Land filling and incineration are banned. Every battery manufacturer, assembler and even importer must take on ‘Extended Producer Responsibility’ to collect batteries from the market, with specific collection targets set as a percentage of quantities sold a given number of years earlier. These target percentages increase annually, ensuring that the maximum number of batteries operating in the field are eventually captured at end of life and sent exclusively to authorised recyclers, who will process them efficiently and in full compliance with environmental norms.
Responsible collection

The feeling is clear that unless the government expands the net to bring in dealers and resellers under the scope of EPR and make them register their old battery returns annually as a percentage of what they sold in the past, collection of spent batteries will never be comprehensive. The smelting industry desperately needs collection to improve, and the government can do a lot in this regard.
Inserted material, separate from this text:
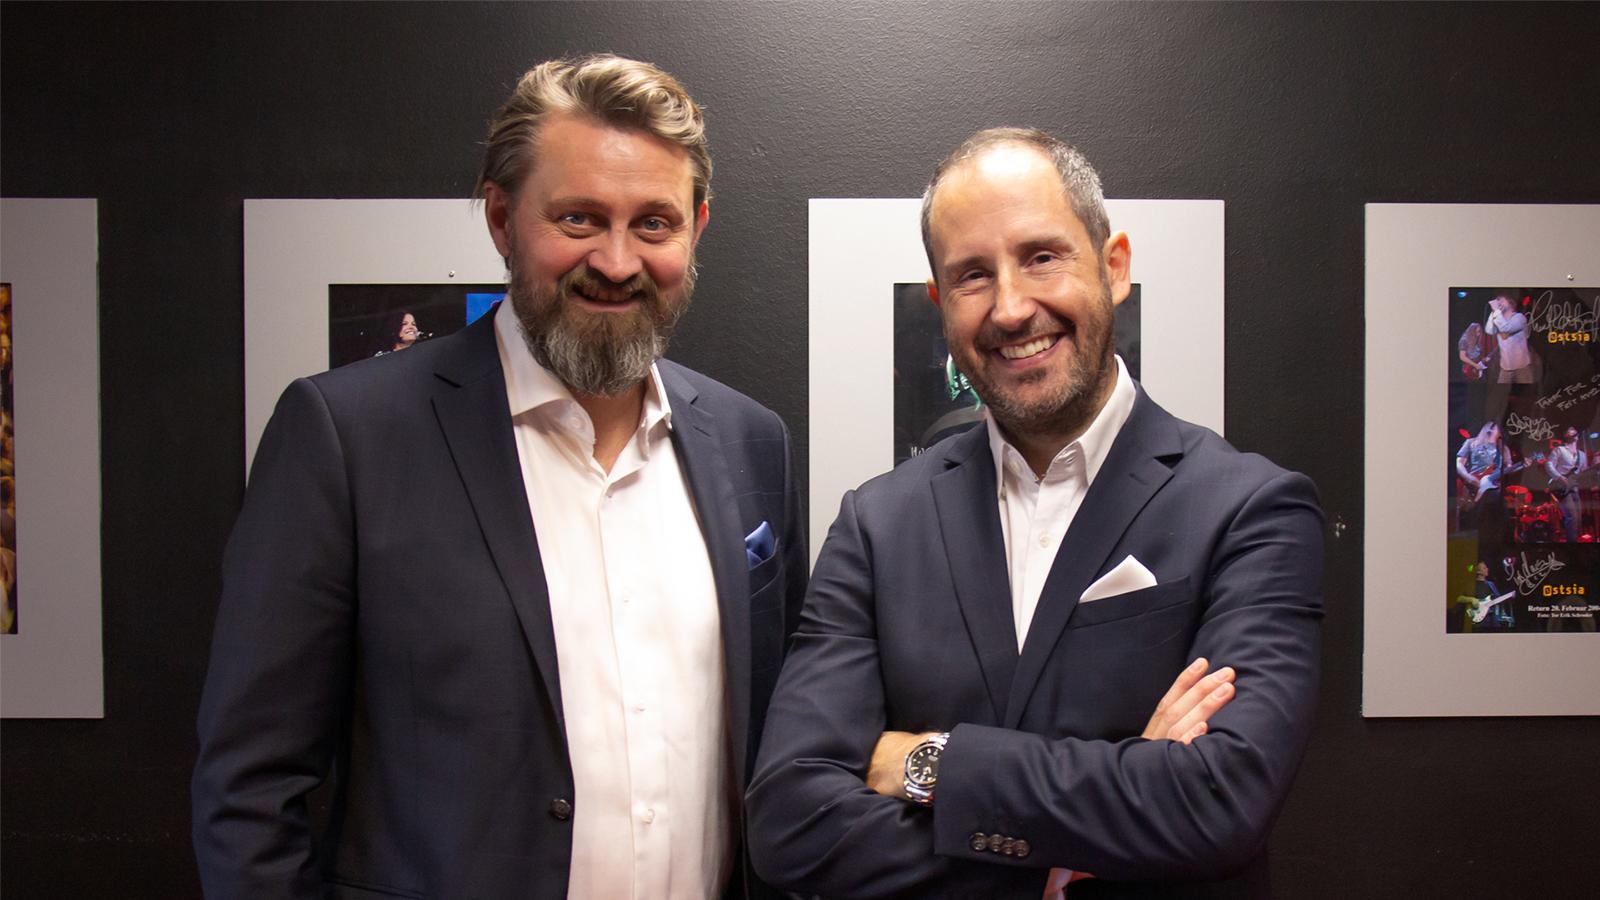 Karrieredagen 2018: Thomas og Haralds beste karrieretips

Lead-acid battery developments
Coming to the second day, when lead-acid battery developments were to be talked about, it turned out to be disappointing. Presentations on the SLI front were primarily on improving the PSoC operation capability through improvements to negatives with or without paste additives. More passenger vehicles manufactured in the country are upgrading with ISS features and the demand for ISS/EFB, both in flooded as well as AGM configuration, are increasingly in demand. It is to be seen that in a hot country like India how well the AGM survives the under-bonnet temperatures which often exceed 70°C!
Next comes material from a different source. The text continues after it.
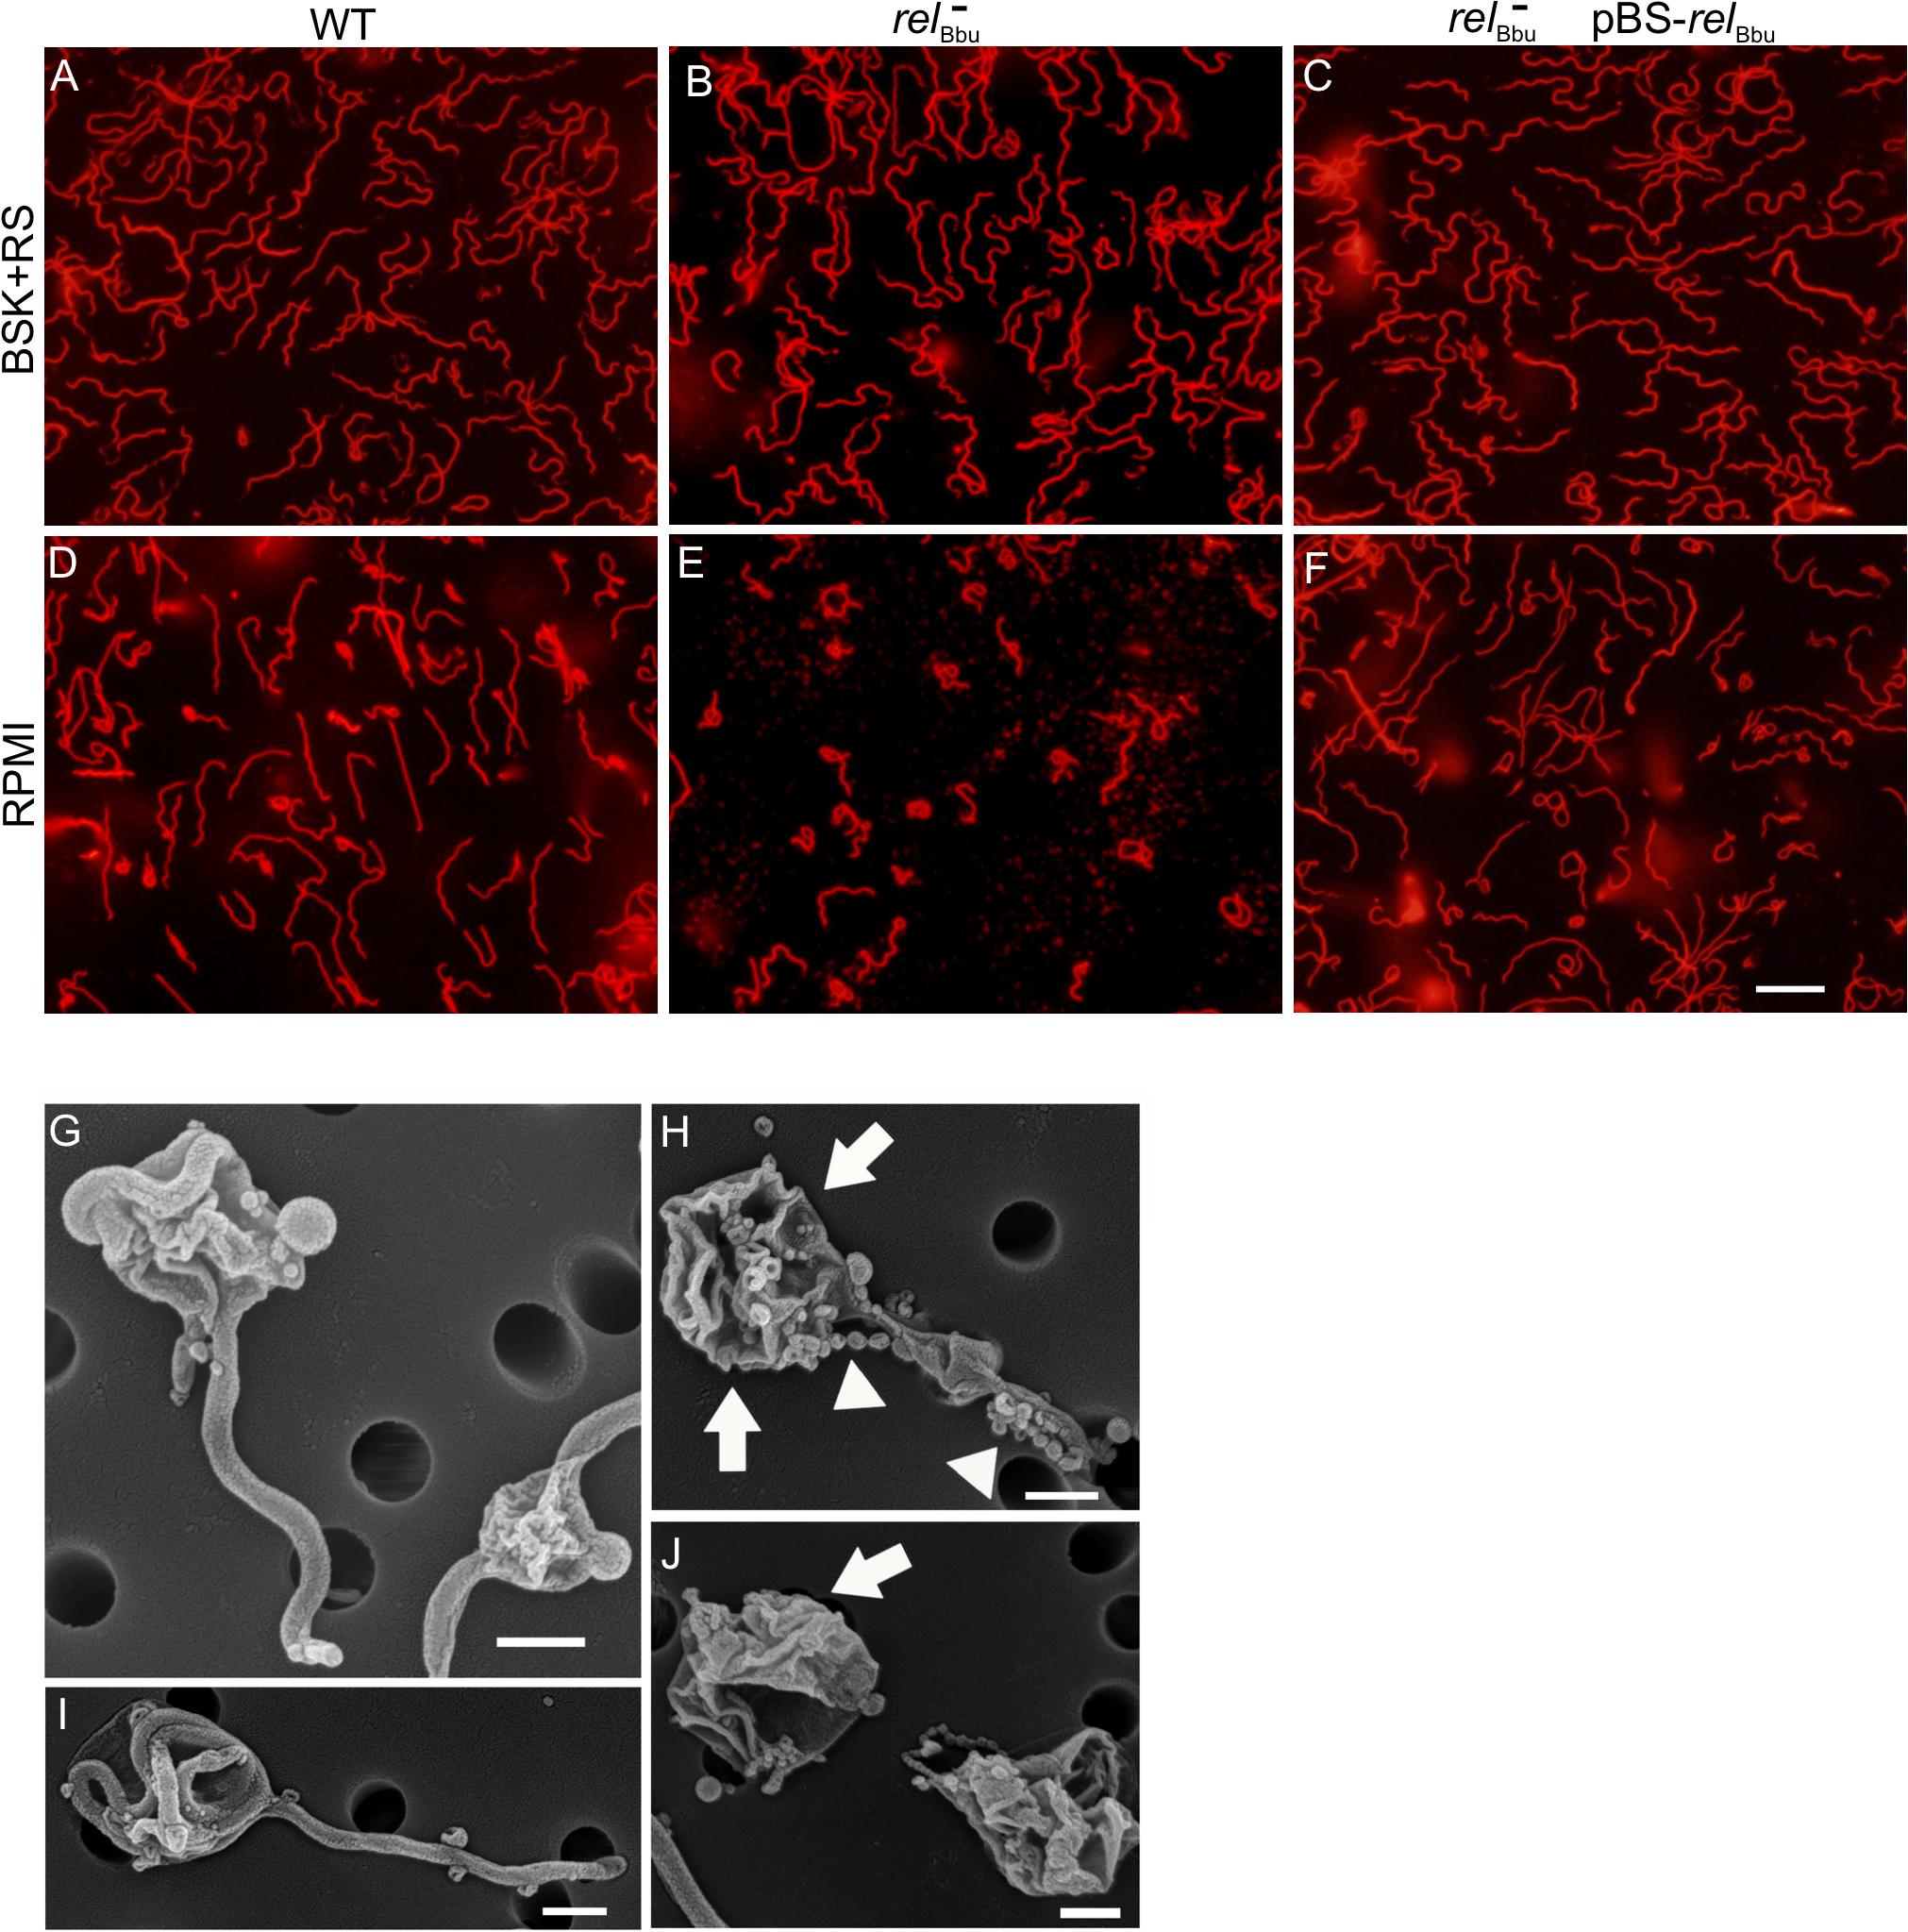 <i>rel</i><sub>Bbu</sub> regulates round body formation under starvation conditions <i>in vitro</i>.

The disappointment came from the ESS side. As explained earlier, one would have expected several case-studies of lead-acid installations to be reported, data to be presented bursting the myths of poor recharge efficiencies, low cycle lives of the lead-acid, and unacceptable LCoS. Surely Indian lead-acid battery manufacturers can well afford to put a dozen installations at various locations, some owned by themselves and some as demo sets gifted to various agencies? This could include utilities, both in generation and distribution, hospitals, schools, shopping malls and any other commercial location which would catch the attention of decision makers. At least it would allow the highly objectionable ‘lead-acid’ excluded clause to be removed from future RFQs (request for quotation) for ESS.
An opportunity to regain
It was left to Dr Nanjan Sugumaran, a seasoned lead-acid professional, to wage a strong protest on behalf of lead-acid by championing the cause of lead-acid tubular for renewable storage. In fact, he did make an interesting observation that the landmark IEC 61427 specification, under which millions of lead-acid systems have historically performed exceedingly well, was tweaked a bit at some point in time to make lead-acid lose its competitive performance edge vis-à-vis the newer chemistries.
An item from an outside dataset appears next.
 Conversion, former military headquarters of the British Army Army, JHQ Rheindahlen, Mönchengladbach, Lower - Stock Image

True or untrue, there definitely seems an opportunity for lead-acid to regain a lot of lost space by coming up with aggressive technical marketing and for that India could be the pilot country. At the same time, it is important that a renewed drive to push the performance envelope of lead-acid is overdue. While CBI, at a global level, is trying to do exactly that, one hopes that India – being a major power now in lead-acid – rises to the occasion!